Все это узнавал Костя по телефону. Звонил он Гуревичу из Нью-Йорка пару раз в неделю, или тот звонил сам. На вопрос о самочувствии отвечал Слава исчерпывающе-коротко: «Боремся», подразумевая неуместность расспросов. В последнее время не мог Слава долго говорить, нутряно кашлял, задыхался, было слышно, как сплевывает мокроту, давалось ему каждое слово с трудом. Лишь однажды изменил своему правилу не касаться темы этой.
– Помнишь, Костя, у Сельвинского… «Смерть легка, как тополевый пух. А то, чего мы страшно так боимся, то есть не смерть, а ожиданье смерти». Кажется, я правильно процитировал. Впрочем, за абсолютную точность не ручаюсь, но смысл такой. Как тополевый пух… – повторил и зашелся кашлем.
Познакомились они на Ислочи, в писательском Доме творчества. Когда это было?.. Кажется, в восемьдесят восьмом, в сентябре. В последние годы нередко бывал Костя в Белоруссии.
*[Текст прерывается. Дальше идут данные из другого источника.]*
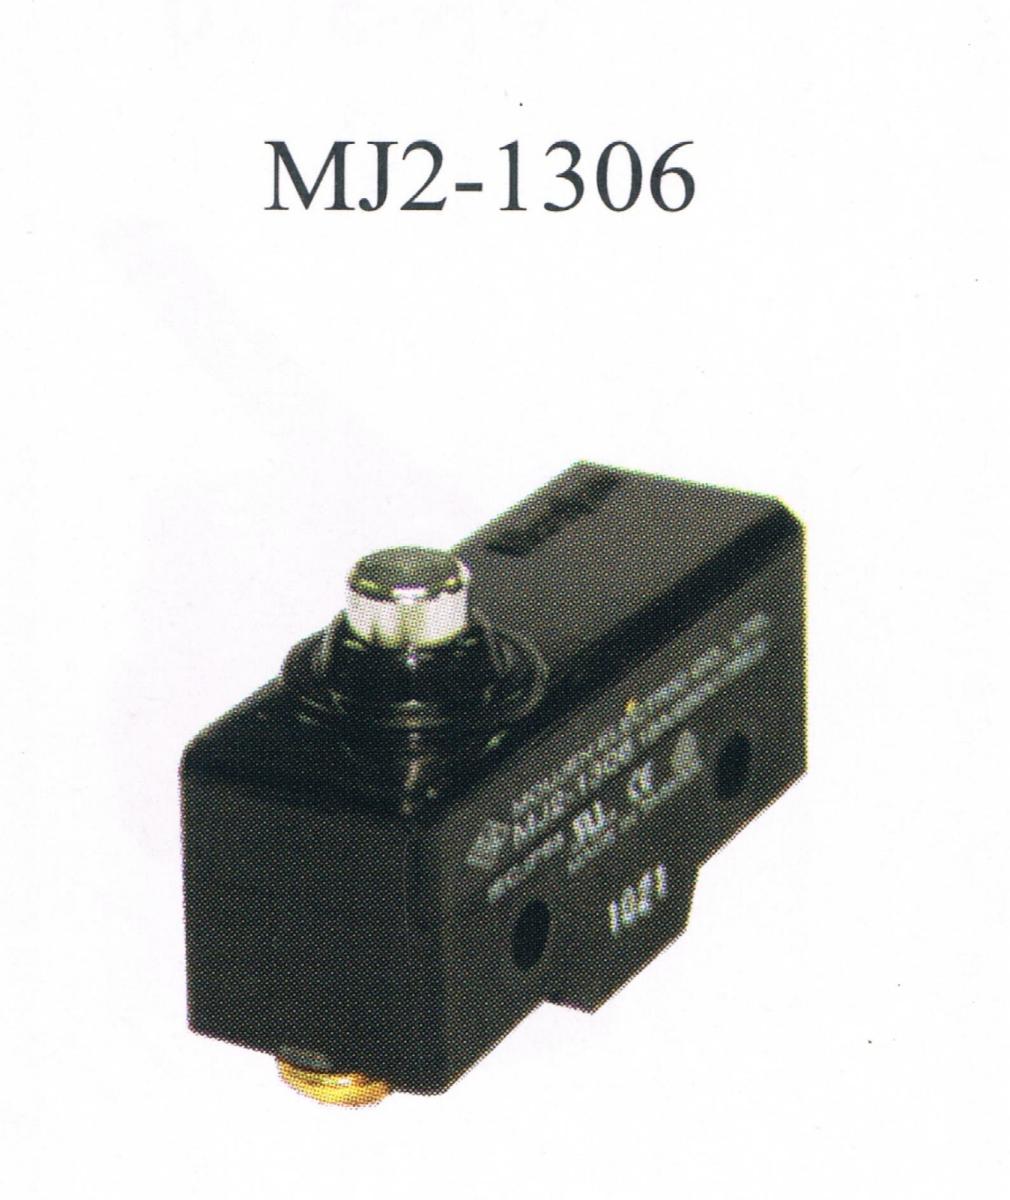 MOUJEN MJ2-1306 Micro Switch MOUJEN TAIWAN LIMIT SWITCH  Limit Control Switch Johor Bahru (JB), Johor, Ulu Tiram, Malaysia Supplier, Suppliers, Supply, Supplies   Intech Electric Sdn Bhd

Нравились места здешние, небогатые, затерянные – не глухомань, но все ж. И потому путевку купил именно в этот Дом творчества. Союз кинематографистов помог, у него с Литфондом хорошие отношения установились. Заканчивал Костя рассказы для сборника, первого и, как оказалось, единственного, имелся договор с издательством, сроки поджимали, вот и приехал поработать. Слава с женой позже появились. Увиделись в столовой, с первого общения понравились друг другу и совместные прогулки в окрестностях начали. Слава любил в писательских домах бывать, любым санаториям их предпочитал, а путевку достать в непрестижную Ислочь, вдали от моря и крымско-кавказских прелестей, для него, известного в Баку ученого, не составило особого труда. Словом, провели вместе две последние недели, потом Костя в Москву уехал, а Слава остался.
Гуревич отменным ходоком оказался и уматывал долгоногого Костю, хотя тот помоложе был. Гуляя в лесу, видели следы домчавшихся сюда чернобыльских ветров: огромные, с голову младенца, грибы, иссохшую листву берез и осин, а в огородах обочь леса метровый укроп и буйно растущую картофельную ботву. Слава с собой счетчик Гейгера привез – знал, куда едет, ежедневные замеры, однако, удивительную картину давали: количество микрорентген было в норме. Откуда же метровый укроп?
– Очень мало знаем мы о радиации, а то, что знаем, не вполне объяснимо, – размышлял Слава. – Скажем, пожилые люди в отличие от детей порой к этой гадости невосприимчивы.
Не предполагали тогда, насколько прав был Слава: уже в Нью-Йорке вычитал Костя в русской газете про крестьянку, дожившую в чернобыльской зоне до 124 лет.
А пока регулярно ходили в близкий Раков за молдавским «Каберне», целебные свойства, говорят, имевшим. Вино по этой причине в больших количествах завезли, несмотря на охватившую страну антиалкогольную истерию.
Вспомнилось все это у входа в часовню, где вот-вот панихида начнется. Не успел проститься со Славой, опоздал на три дня. Специально приурочил поездку в Сан-Франциско – и вот… Сердцем чувствовал – надо спешить, и не успел. Всего-то три дня.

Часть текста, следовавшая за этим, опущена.